China's "unfair trade practices" have cost the U.S. hundreds of billions of dollars, the U.S. Trade Representative and Treasury Department said in a statement rebuking Beijing for the stalemate in negotiations between the two biggest economies.
The statement, seen Tuesday on the USTR's website, did not include any new actions against China. But it said the United States was "disappointed" by a report Beijing issued over the weekend defending China's stance and accusing U.S. officials of backsliding in the talks.
It said Beijing was pursuing "a blame game misrepresenting the nature and history of trade negotiations."
"It is important to note that the impetus for the discussions was China's long history of unfair trade practices," the statement said. Such actions have "caused severe harm to American workers, farmers, ranchers and businesses."
The two sides are in a stalemate after 11 rounds of talks over trade and technology issues that have led to both sides raising tariffs on hundreds of billions of each other's goods, among other retaliatory measures.
President Donald Trump has said he expects to meet his Chinese counterpart Xi Jinping at a meeting of the Group of 20 leading economies planned for Osaka, Japan, in late June.
But with no sign of a fresh round of talks, the two governments are trading blame and maneuvering to drum up domestic support for what is turning out to be a bruising trade war for farmers and manufacturers on both sides.

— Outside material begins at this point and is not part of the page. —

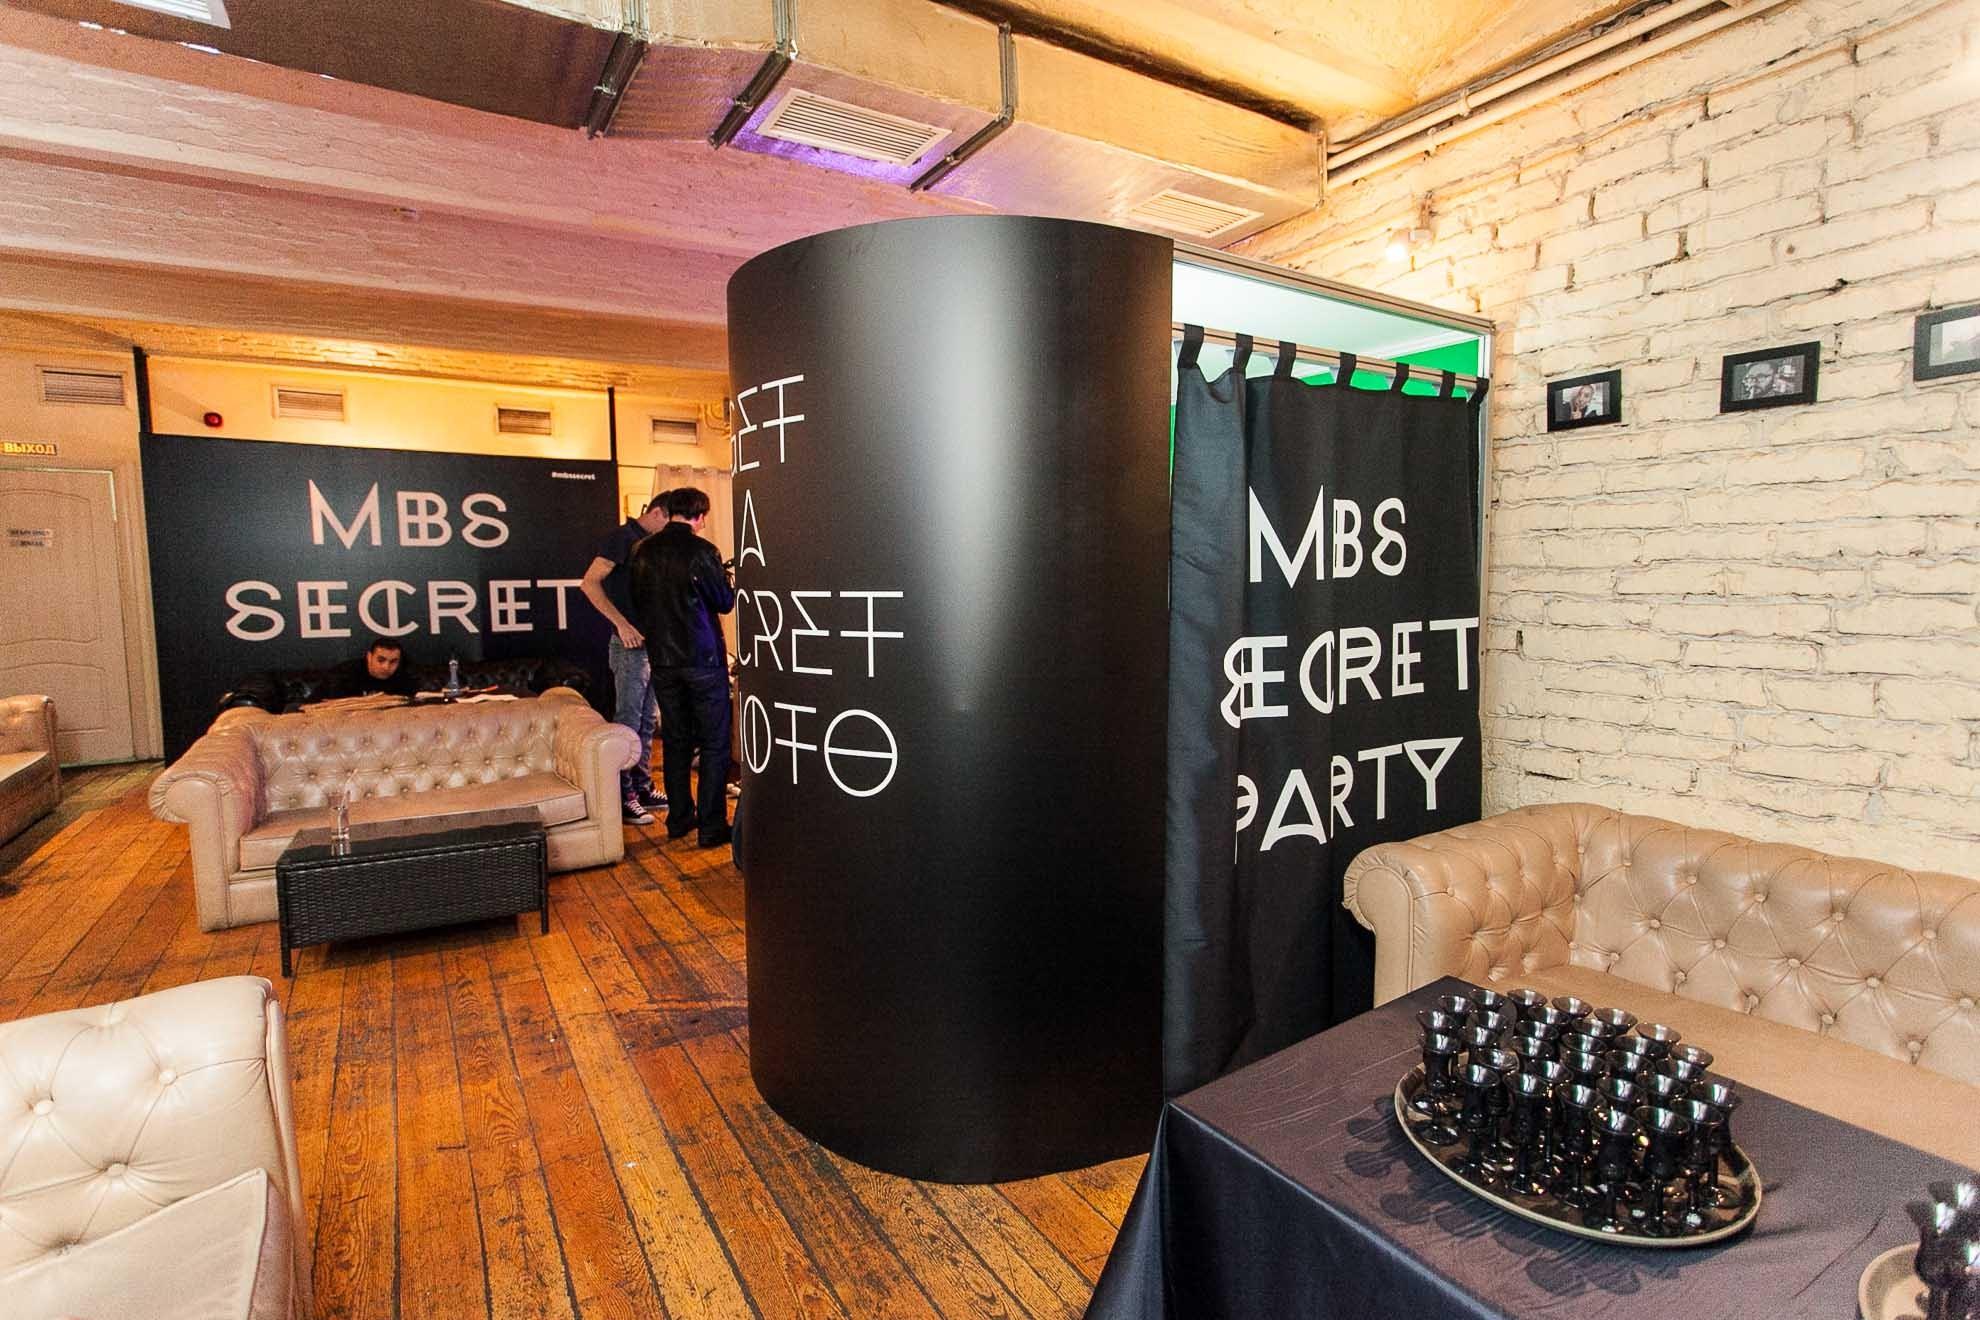 ДЛЯ MBS SECRET PARTY
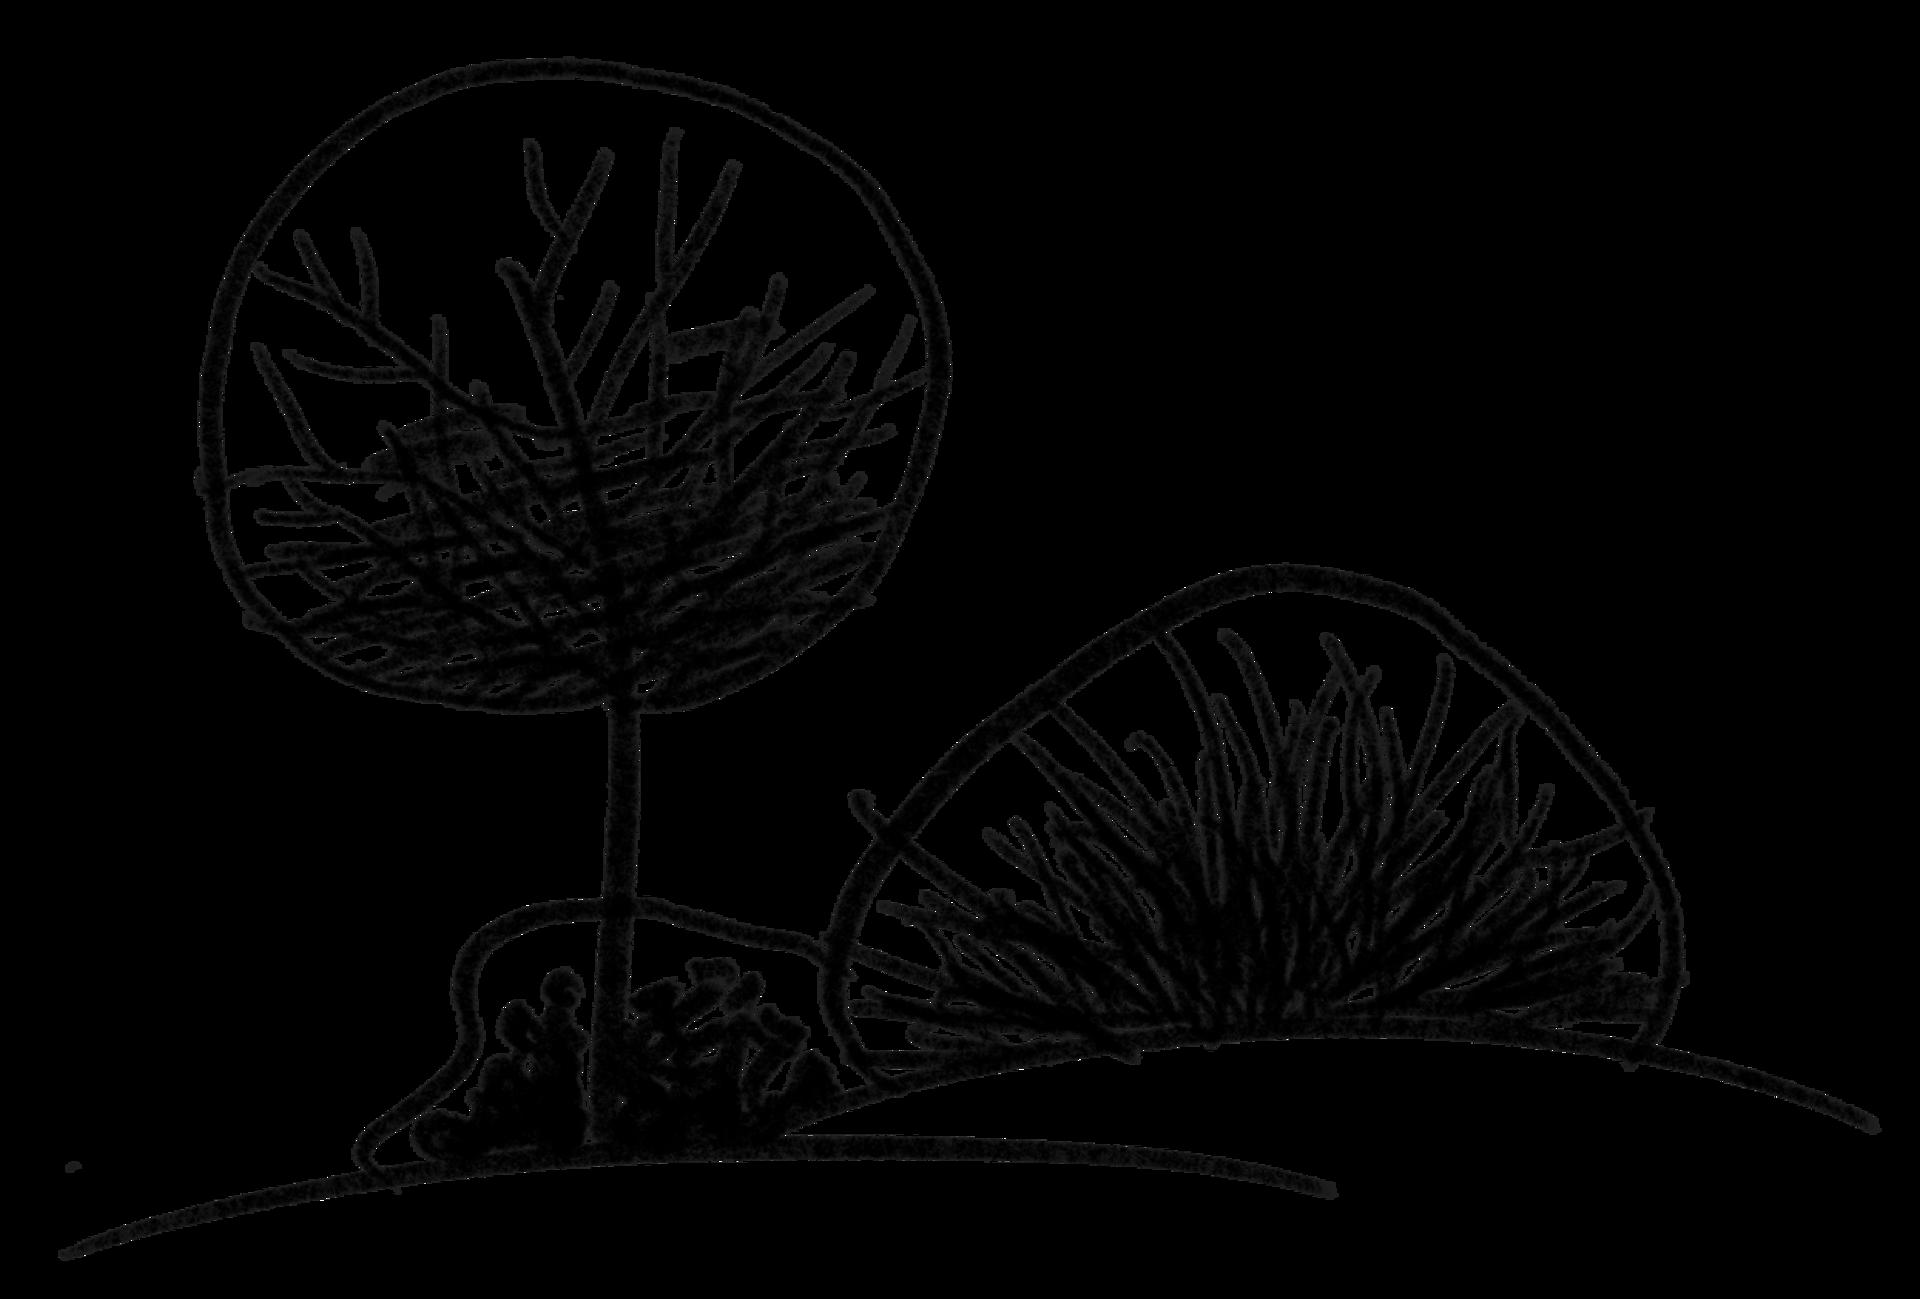 microadventure_illu_tree-3_illustration-clipping

On Tuesday, the 30th anniversary of the brutal crackdown on pro-democracy demonstrations in Beijing's Tiananmen Square, a commentary in the Chinese newspaper Global Times praised the ruling Communist Party's decisions at such critical moments as crucial for creating the country's "growth miracle."
"It would have been impossible for China to make the achievements of the past 30 years had there been any political instability," it said, without specifically mentioning the June 4 anniversary.
"China's history, culture and other conditions have determined that it cannot take the same path as some Western countries did," said the commentary in the Communist Party-controlled newspaper.
It cited the trade war as one of many problems that China's economy has confronted in recent decades.
"The reason why the Chinese economy can create miracles is precisely because it has taken a path that suits its own national conditions, rather than blindly following the Western theory."
The report issued by China on Sunday said Beijing would not back down on "major issues of principle" and that it had kept its word throughout the talks. It accused Washington of backtracking by introducing new tariffs and other conditions beyond what had been agreed to earlier.
China has not yet announced details of a list of "unreliable entities" that Beijing announced last week it was planning to issue. Wang Shouwen, a Commerce Ministry vice minister, said the list would target companies that "violated market principles" and that cut supplies of components to Chinese businesses for non-commercial reasons.
Wang also reiterated suggestions that China might limit exports of rare earths, minerals such as lithium that are used in many products including cellphones, electric vehicles and the batteries that run them.
That announcement followed a decision by the U.S. Commerce Department to effectively bar U.S. companies from selling or transferring technology to Huawei Technologies, a company based in southern China's Shenzhen that is the world's biggest maker of network gear and No. 2 smartphone manufacturer.